The futility of life. The disaster of corruption. The wickedness of man. Finding demons everywhere you look. Musicians have long pointed fingers at something or a life event that brings them into a realm of depth and understanding of the world around them. For Brymo, it’s nothing special. That’s his default state, and he makes music from the world around him. Digging into the fabric of our existence, and the relationship between ourselves and our neighbours, he spins wisdom and advice into melody, speaking to himself, and to every one of us on numerous life issues.
That’s the driver for the songwriting on his sixth album, “Oso (The Wizard).” The 11-track album, with a run-time of 38-minutes, reads off like a sage-worthy scroll. It’s a breathing marvel of entertainment and illumination; offering you sonic satisfaction, while providing a deeper understanding of life, by educating, inspiring and entertaining you.
This isn’t a new dimension of Brymo. This has been the formula for his art across all his projects. From “Merchants, Dealers & Slaves,” to “Klitoris”, you would always find Brymo taking an intellectual leap with you, pulling you by the hair, or whispering into your heart to accompany him on a journey. That’s why when he is loved by a fan, it runs deep. He is a companion that transcends the art and your playlist, into becoming a staple of your life.
While his previous albums have moved tempos and provided pop satisfaction and danceable numbers, “Oso (The Wizard)” takes away pace from everything. Brymo, writing on a piano, with producer Mikkyme Joses, keeps it all serene and ambient, providing his voice, songwriting prowess and wisdom as the leading elements of this album. There are no delirious highs of “Preek no get shoulder!,” or the banging cries of “Femi!” What you get is relaxed, soothing, vibes, interspersed with an exploration of the human condition.

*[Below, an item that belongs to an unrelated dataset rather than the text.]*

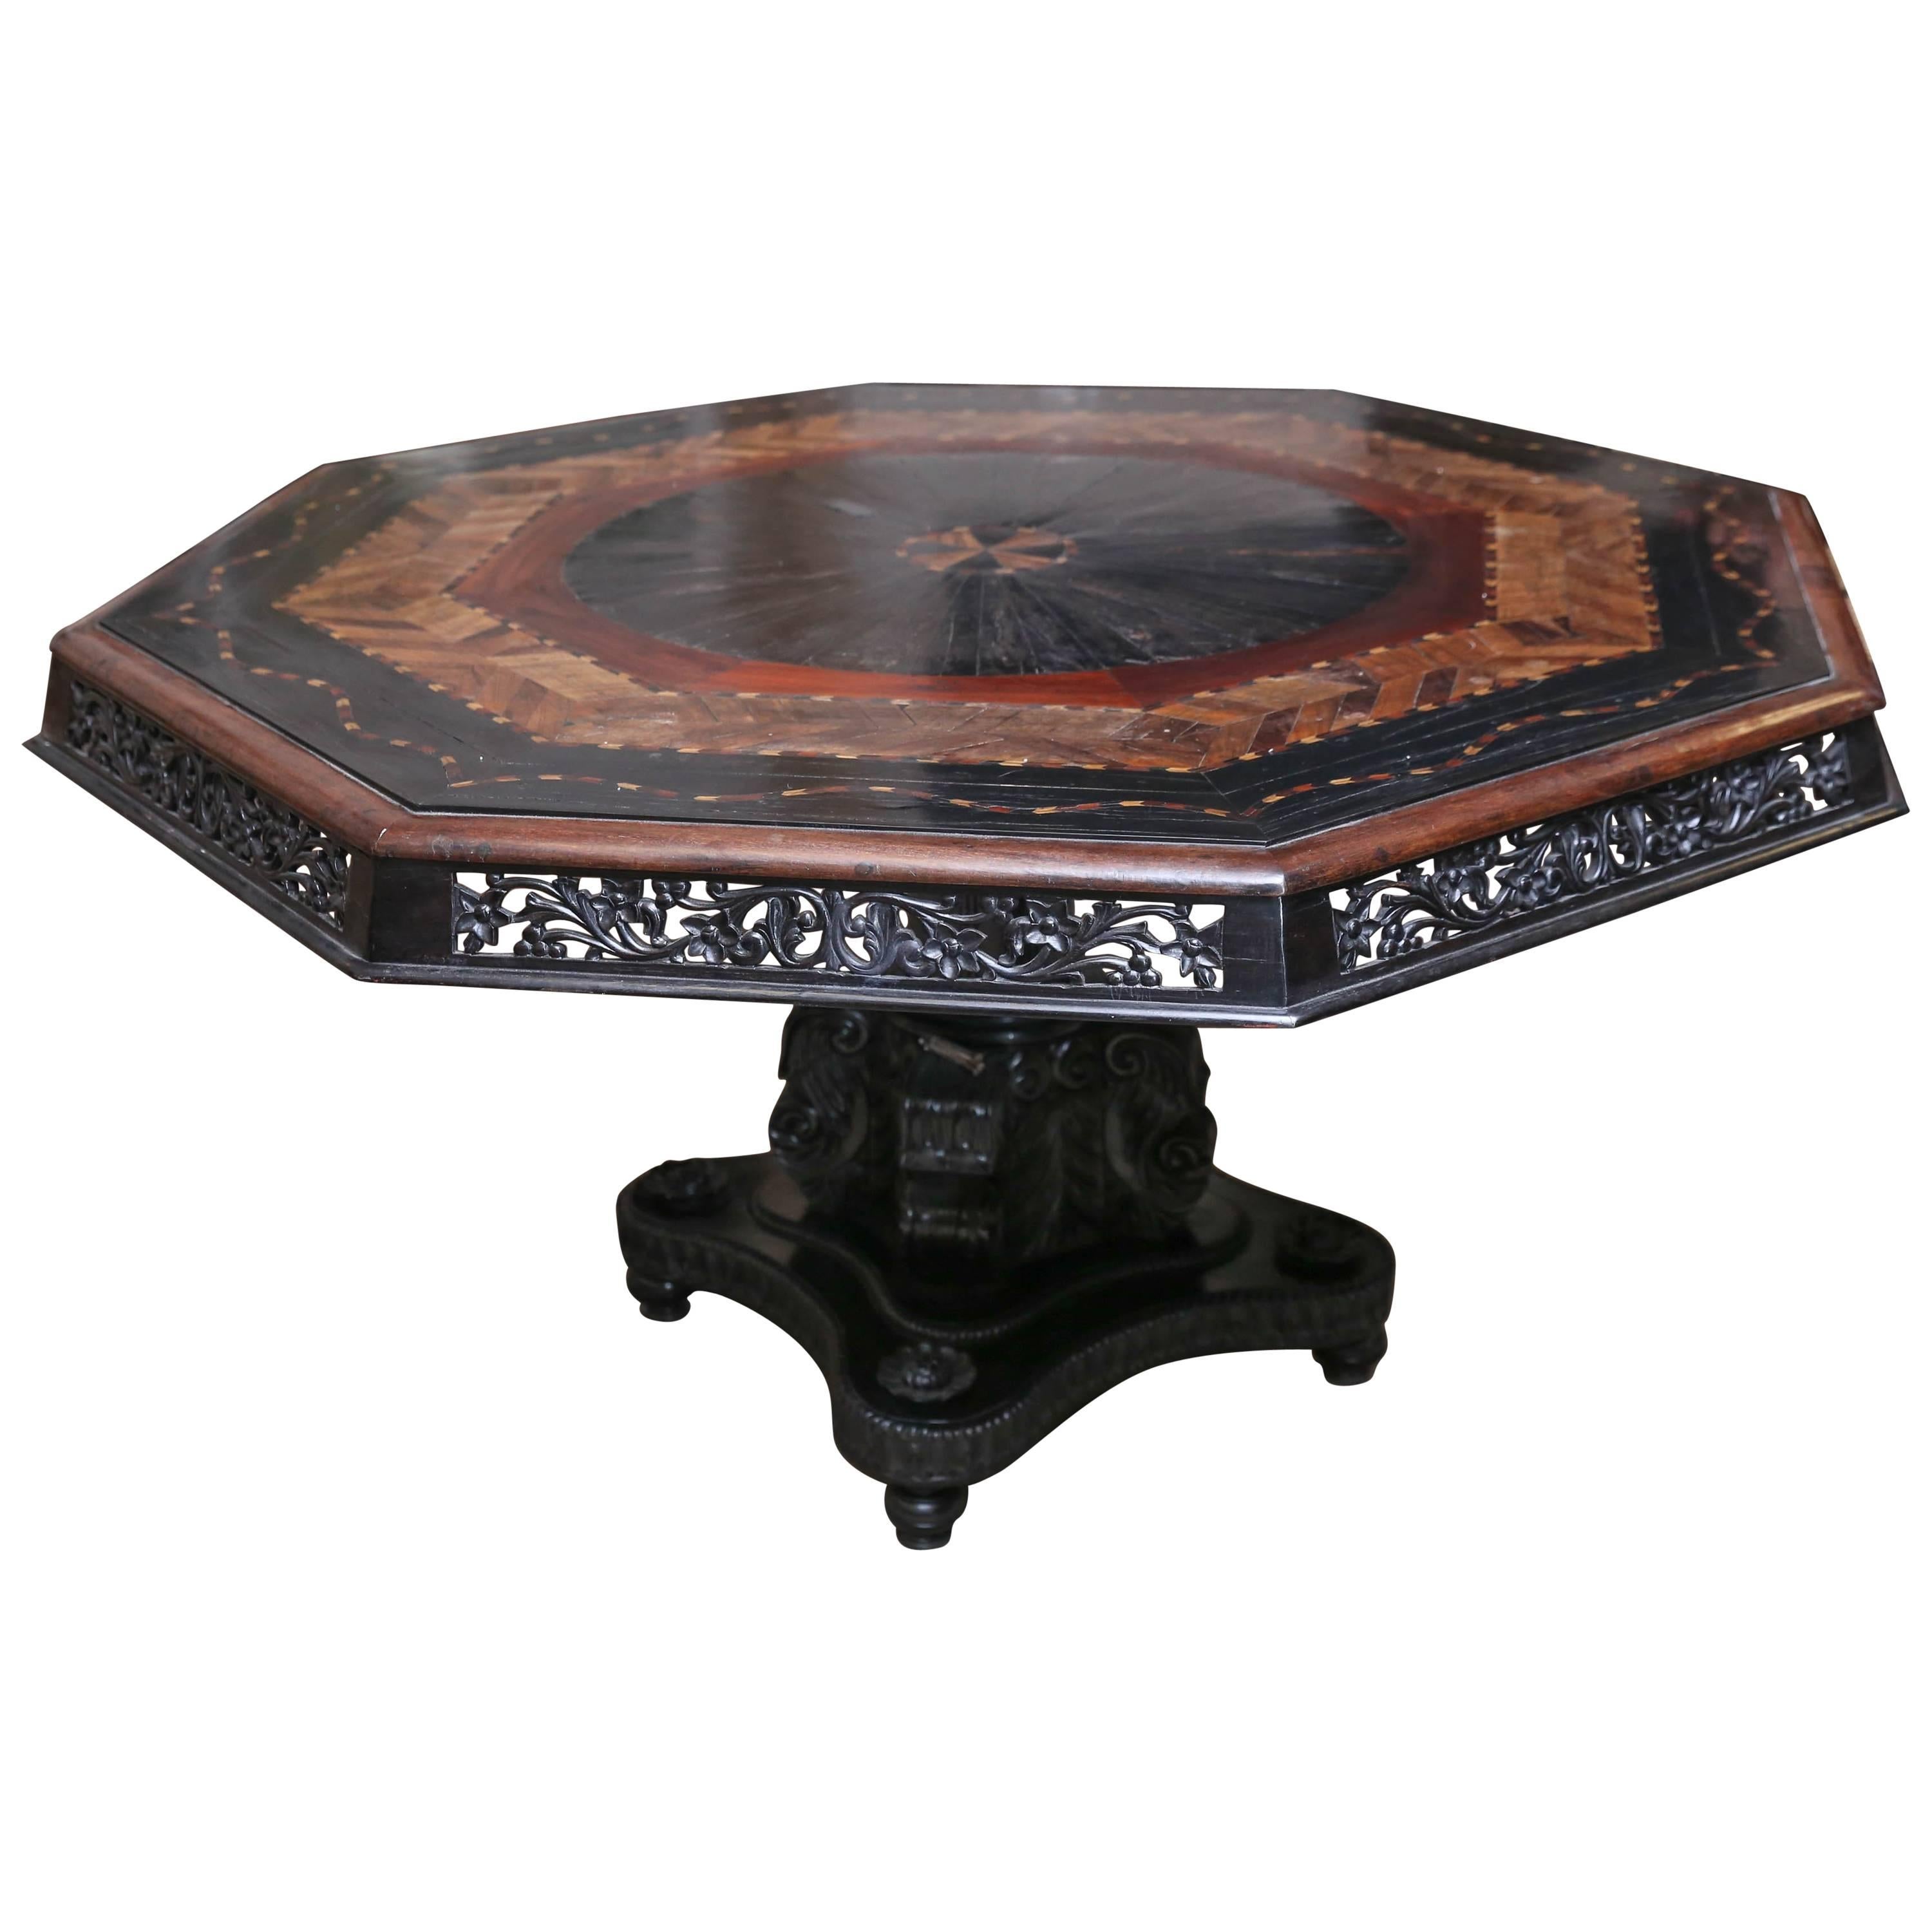 Extraordinary 1850s Solid Ebony Hexagonal Specimen Wood Table from Sri Lanka For Sale

Opener ‘No be me’ starts from a place of romance, before morphing into an existentialist discourse which has the hook, “No be me create the world, no be you create the world, we dey point the finger at each other, but no be me create the world.” On interlude ‘Mama’, he appreciates maternal efforts of comfort, despite the raging injustice and suffering around us. (“The government dey veto, dey fuck us oh. The thief still dey shit on the good man oh.”)
Despite the Nigerian situation that we all agree is dark, Brymo still believes in the power of our efforts. ‘Heya’ with its piano accompaniment, carries the hopes and desires of hopeful lovers, who need to show discernment and tenacity in finding their heart desire. The emotions on ‘Patience and Goodluck’ simply points to us to the huge moral lesson that says “hang in there, don’t lose hope!” While ‘God is in your mind’ – one of the gloomiest cuts of the album – encourages us to be our own heroes. “For the first time, gods are we, without a face. For the first time, gods are we, without a name…For the first time, God is in your mind.”
This dichotomy of dark sounds, paired with inspirational lyricism carry through this album, creating a weirdly satisfying blend of mastery. Perhaps, that is the wizardry here; the ability to create an inverse Trojan horse by wrapping light in the darkness.
Over the years, Brymo has taken on a few personas: the impossibly smart Lagosian with “M, D&S”, the cinematic loverboy on ‘Klitoris’, and the woke-pop enthusiast on “Tabula Rasa”, for example. As it turns out, larger-than-life, philosophical Brymo which we get on this album, is the one that suits him best.